CD1 molecules can bind mycobacterial lipids and activate T cells. However, since group 1 CD1 molecules are absent in mice, our understanding of CD1-restricted T cell function and differentiation remains limited. Recently, we performed comprehensive single-cell TCR analysis of human T cells responding to total mycobacterial lipids and identified a CD1b-restricted T cell subset that recognize trehalose monomycolate (TMM), a glycolipid abundant in the mycobacterial cell wall. These T cells shared a characteristic TCR motif suited to recognizing the bulky trehalose moiety and were found in multiple individuals. Single-cell analysis revealed that these cells exhibit effector memory phenotype in peripheral blood of healthy donors and upregulate cytotoxicity-associated genes, such as PRF1, GNLY and GZMB, upon ex vivo TMM stimulation. Furthermore, TMM-specific T cells in active tuberculosis patients also expressed cytotoxic effector markers.

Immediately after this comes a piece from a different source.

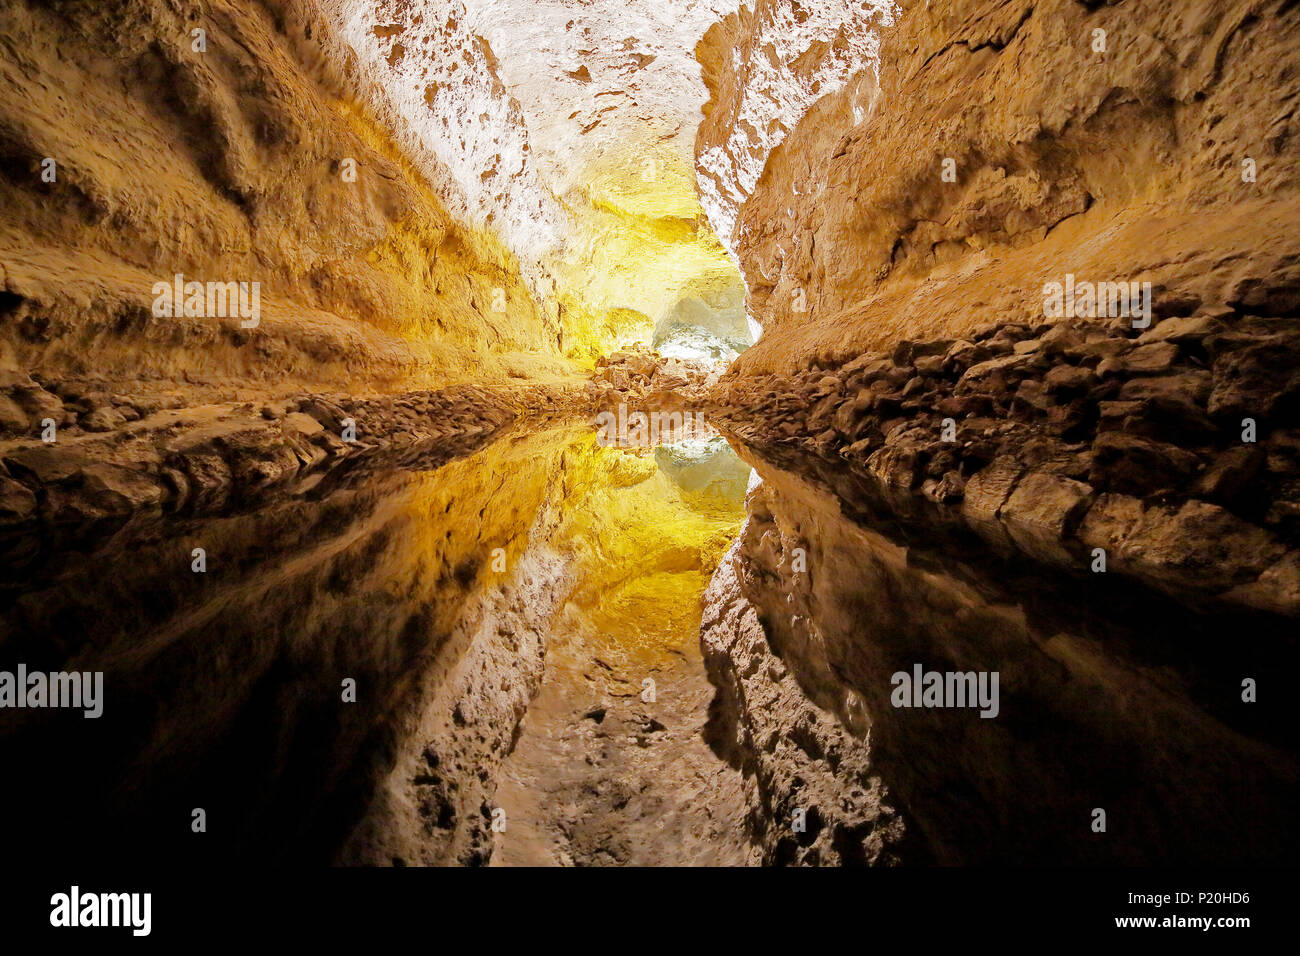 Spain. Canary Islands. Lanzarote. Cave of the Cueva de los Verdes. Stock Photo

To investigate the function of these T cells in vivo, we examined CD1b-restricted T cells in cynomolgus macaques. TMM-CD1b tetramer-positive (TMM-CD1b-tet+) T cells were detected in the peripheral blood of macaques and appeared as a clearly stained population within CD4+ CD161+ T cells in lymph nodes and spleen. Moreover, intratracheal administration of TMM increased the frequency of TMM-CD1b-tet+ T cells and these T cells showed cytotoxic potential.
Thus, the TMM-specific T cell subset is conserved among primates and utilizing non-human primate infection models enables evaluation of vaccine efficacy. Elucidating the detailed mechanisms underlying the memory potential and cytotoxicity of lipid-reactive T cells will contribute to the development of lipid-based vaccine strategies.